Dataset records:
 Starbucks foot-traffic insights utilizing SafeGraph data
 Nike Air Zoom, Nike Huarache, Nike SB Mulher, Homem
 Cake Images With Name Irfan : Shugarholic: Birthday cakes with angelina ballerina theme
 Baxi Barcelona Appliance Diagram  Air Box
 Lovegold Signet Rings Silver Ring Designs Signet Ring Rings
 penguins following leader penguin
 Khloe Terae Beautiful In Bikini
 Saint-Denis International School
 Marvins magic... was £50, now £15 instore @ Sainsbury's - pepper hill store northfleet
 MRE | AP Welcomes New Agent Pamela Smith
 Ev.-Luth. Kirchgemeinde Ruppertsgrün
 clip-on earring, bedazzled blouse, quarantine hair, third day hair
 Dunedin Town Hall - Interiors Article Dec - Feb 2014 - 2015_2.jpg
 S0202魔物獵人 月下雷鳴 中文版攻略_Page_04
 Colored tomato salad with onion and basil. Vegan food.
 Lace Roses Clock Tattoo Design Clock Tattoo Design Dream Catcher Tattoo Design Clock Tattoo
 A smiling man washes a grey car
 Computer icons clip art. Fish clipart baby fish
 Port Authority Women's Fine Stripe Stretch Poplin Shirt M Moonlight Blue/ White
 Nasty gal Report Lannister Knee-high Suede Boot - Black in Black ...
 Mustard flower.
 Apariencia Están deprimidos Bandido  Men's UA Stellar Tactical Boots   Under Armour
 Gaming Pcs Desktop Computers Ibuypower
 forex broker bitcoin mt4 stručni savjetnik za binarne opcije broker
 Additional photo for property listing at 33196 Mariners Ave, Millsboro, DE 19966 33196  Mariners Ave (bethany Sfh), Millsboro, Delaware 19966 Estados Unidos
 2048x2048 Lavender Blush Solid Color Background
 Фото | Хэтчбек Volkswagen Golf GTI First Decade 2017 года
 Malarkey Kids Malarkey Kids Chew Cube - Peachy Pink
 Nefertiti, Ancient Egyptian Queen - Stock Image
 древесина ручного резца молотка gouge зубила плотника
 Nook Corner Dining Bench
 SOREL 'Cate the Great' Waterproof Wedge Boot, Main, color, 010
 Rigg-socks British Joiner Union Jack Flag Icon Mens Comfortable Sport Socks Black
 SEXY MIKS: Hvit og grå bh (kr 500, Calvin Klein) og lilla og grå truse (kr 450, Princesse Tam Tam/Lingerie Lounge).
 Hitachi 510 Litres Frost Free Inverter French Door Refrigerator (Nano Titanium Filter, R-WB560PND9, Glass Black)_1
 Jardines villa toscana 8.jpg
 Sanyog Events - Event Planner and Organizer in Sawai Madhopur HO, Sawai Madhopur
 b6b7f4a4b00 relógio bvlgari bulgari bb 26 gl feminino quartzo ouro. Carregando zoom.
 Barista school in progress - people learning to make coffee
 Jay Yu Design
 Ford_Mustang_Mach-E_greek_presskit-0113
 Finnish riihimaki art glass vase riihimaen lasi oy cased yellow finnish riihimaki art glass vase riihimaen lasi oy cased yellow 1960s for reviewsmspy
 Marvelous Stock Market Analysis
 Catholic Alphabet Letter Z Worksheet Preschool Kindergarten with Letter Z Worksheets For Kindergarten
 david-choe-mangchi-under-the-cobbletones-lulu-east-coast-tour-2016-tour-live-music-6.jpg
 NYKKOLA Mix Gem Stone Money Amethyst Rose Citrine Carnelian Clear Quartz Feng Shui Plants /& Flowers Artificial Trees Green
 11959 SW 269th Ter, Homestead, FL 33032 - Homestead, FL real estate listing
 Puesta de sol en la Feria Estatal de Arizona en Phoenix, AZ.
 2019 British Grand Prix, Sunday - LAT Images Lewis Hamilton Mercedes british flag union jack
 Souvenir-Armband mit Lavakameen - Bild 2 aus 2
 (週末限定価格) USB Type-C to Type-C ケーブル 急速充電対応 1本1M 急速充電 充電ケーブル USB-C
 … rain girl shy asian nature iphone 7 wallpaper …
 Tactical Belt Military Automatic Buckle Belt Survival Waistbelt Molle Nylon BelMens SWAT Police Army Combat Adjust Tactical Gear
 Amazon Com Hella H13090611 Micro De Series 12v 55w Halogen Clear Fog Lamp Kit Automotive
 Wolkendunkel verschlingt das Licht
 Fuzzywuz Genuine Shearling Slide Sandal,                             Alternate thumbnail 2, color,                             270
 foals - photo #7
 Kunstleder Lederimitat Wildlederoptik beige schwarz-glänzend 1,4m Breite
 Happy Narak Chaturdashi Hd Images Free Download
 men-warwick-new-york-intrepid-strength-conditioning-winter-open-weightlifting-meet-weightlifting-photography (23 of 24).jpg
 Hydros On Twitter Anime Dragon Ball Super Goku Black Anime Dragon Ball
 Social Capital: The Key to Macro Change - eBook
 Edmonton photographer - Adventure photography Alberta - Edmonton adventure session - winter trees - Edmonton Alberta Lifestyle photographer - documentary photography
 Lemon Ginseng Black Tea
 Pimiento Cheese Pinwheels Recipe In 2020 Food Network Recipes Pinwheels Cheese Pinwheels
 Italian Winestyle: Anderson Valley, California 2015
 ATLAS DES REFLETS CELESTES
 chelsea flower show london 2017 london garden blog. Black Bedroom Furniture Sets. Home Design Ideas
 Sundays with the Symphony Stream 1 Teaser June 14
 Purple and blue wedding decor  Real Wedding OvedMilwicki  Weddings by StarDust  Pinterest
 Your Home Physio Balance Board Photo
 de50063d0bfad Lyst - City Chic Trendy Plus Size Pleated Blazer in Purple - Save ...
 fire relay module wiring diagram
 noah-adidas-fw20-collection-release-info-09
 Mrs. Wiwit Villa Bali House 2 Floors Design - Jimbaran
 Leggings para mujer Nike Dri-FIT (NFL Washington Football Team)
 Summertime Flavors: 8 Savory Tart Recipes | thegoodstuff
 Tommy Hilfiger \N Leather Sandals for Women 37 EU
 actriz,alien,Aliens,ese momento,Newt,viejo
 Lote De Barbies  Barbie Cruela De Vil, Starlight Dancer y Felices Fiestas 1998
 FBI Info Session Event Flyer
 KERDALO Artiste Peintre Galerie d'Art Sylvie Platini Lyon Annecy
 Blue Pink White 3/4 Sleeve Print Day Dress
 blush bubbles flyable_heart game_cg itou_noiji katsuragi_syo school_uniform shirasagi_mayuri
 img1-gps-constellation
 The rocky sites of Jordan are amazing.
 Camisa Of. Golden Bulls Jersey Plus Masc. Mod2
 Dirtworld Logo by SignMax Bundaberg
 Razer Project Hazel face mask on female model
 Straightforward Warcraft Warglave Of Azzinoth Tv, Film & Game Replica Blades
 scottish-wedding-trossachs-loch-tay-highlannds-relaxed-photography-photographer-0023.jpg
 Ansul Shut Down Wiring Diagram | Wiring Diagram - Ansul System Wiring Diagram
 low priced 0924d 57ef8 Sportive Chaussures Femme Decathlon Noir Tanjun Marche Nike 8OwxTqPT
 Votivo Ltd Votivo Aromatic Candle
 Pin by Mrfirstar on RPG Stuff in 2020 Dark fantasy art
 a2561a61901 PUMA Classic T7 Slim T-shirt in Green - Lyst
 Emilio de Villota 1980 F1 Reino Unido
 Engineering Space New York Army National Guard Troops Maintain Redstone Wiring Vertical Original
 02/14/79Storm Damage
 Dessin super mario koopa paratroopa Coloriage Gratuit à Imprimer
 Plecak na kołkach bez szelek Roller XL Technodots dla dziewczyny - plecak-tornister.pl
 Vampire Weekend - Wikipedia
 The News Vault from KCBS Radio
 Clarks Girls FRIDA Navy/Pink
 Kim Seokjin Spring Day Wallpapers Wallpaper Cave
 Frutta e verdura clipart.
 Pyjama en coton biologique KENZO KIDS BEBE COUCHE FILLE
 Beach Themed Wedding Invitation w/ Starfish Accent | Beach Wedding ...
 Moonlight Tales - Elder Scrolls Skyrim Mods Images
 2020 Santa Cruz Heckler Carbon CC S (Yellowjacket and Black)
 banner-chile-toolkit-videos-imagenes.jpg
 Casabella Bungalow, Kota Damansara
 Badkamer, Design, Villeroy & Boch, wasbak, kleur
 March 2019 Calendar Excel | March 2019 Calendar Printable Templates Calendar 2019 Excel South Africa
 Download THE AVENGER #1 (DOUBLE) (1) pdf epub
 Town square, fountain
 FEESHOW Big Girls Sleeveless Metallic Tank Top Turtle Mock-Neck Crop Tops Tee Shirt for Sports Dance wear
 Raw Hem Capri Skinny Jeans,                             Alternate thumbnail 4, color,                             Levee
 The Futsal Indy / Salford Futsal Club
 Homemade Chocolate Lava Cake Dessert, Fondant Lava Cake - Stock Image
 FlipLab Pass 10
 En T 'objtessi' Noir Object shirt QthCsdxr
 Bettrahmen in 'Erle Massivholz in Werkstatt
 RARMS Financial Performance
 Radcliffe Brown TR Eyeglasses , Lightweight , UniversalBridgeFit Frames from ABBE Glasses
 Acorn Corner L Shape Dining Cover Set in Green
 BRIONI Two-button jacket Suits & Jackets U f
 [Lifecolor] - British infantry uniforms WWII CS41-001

About this task: Check each line in the data for the word "Nike", then report only how many lines contain it.

Result of this task: 3